Hi everybody. Craig Peterson here.
I want to talk right now about this great tool that I’ve been using for decades now, I think. It’s called Nmap. Now it’s something that I cover. In my cybersecurity mastery course, but it’s something you can do to learn a lot about yourself online. There are YouTube videos about it and many others. But the idea behind Nmap is to be able to check and see what’s on your network and not just what’s on your network, it’ll also tell you about what that particular device is, and it just does a whole bunch of things for threat management. It’ll check ports. Some of this stuff can go so far as to actually try and break into the systems. Now, Nmap isn’t designed to do that. It really is using fingerprints to figure out the operating system that’s in use, which is really handy.
Particularly for the internet of things devices that might be attached to your network.
This is great for home use, as well.
If you’re a little bit of a techie, they have new protocol libraries.
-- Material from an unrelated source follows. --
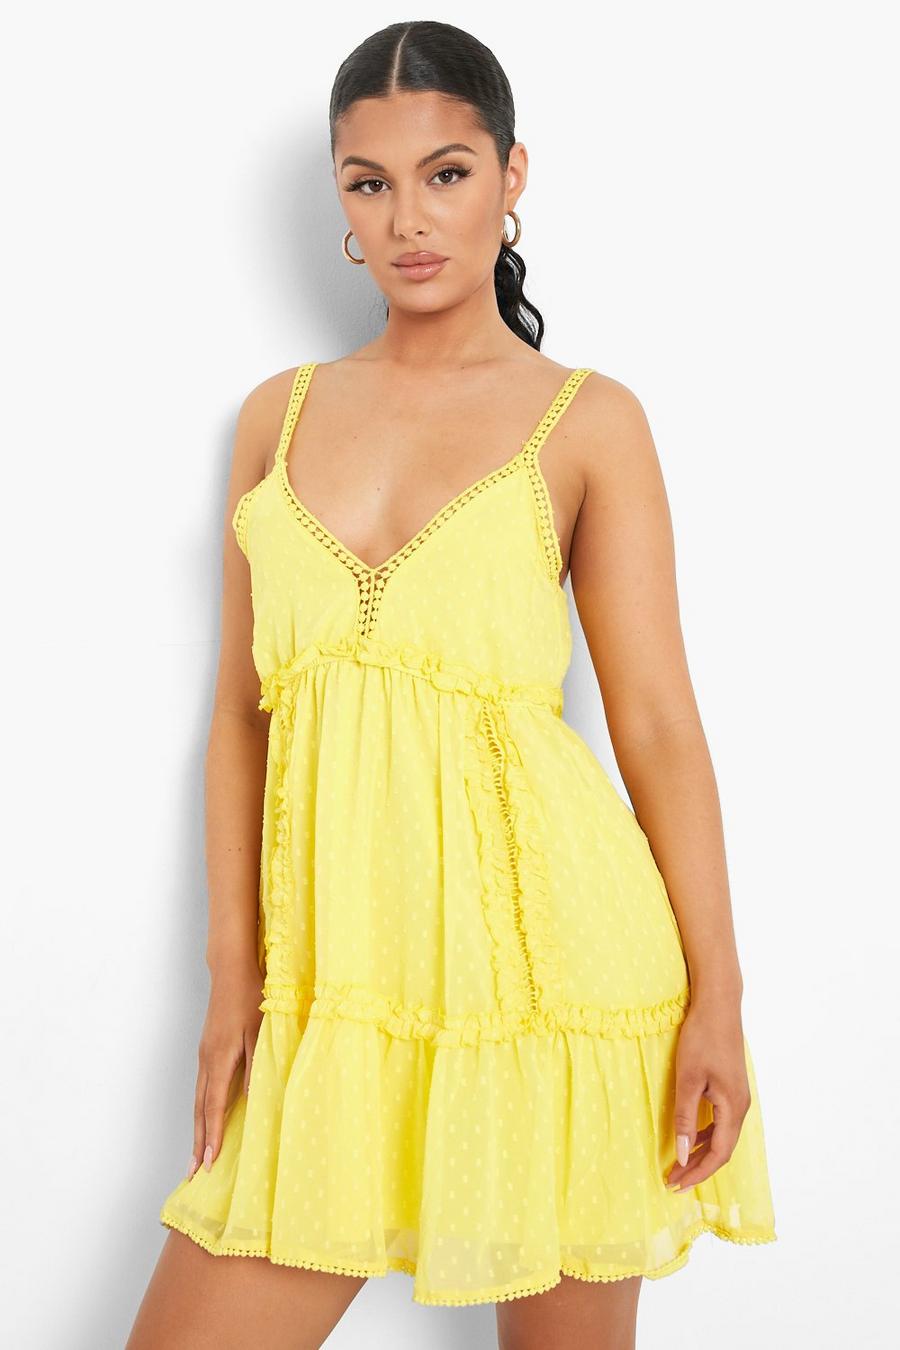 צהוב בוהק שמלת סווינג מבד רשת דובי עם כתפיות דקות ופאנל קרושה

They’ve got payloads. Now that they’ve added for host discovery, port scanning version detection, which is really important to make sure that you have the latest version of different software on your systems. So you’re not running something outdated.
They’ve fixed a whole bunch of bugs. They’ve got some different improvements and code quality improvements. But one of the biggest things is that they’re using a new driver for raw packet capturing and sending out on the windows side and the Unix side it’s been stable forever, but on the windows side, there’s never been a really great way to do this.
There’s something called WinPCap, but that driver has not been updated in the last seven or eight years. It doesn’t always work on windows 10. It’s using deprecated Windows APIs.
I know this is a lot of. TLAs write three-letter acronyms for everybody out there.
But bottom line, there is a new driver that lets software like Nmap send and receive its own packets it creates.
Normally if you are writing just regular old software where you would open a network connection to a server and then speak whatever protocol you wanted to. You would ask the operating system, Hey, open up a TCP session on port 82, this web server, and so on that remote server. Obviously, I had to get them an IP address, ultimately on that far server.
There’s a web server and it’s listening for requests on port 80. That TCP session requires five packets going back and forth, and then it’s established, and then you send your get requests. So it would be like getting space HTTPS slash one dot one or whatever it might be. Whatever version of the HTTP protocol you’re trying to use space. then the file you want and the server name. Then the remote server responds. It goes back and forth. There are a lot of packets that are exchanged between your computer and the remote computer, whether it’s a web server remotely, or might be a file server remotely could be almost anything remotely.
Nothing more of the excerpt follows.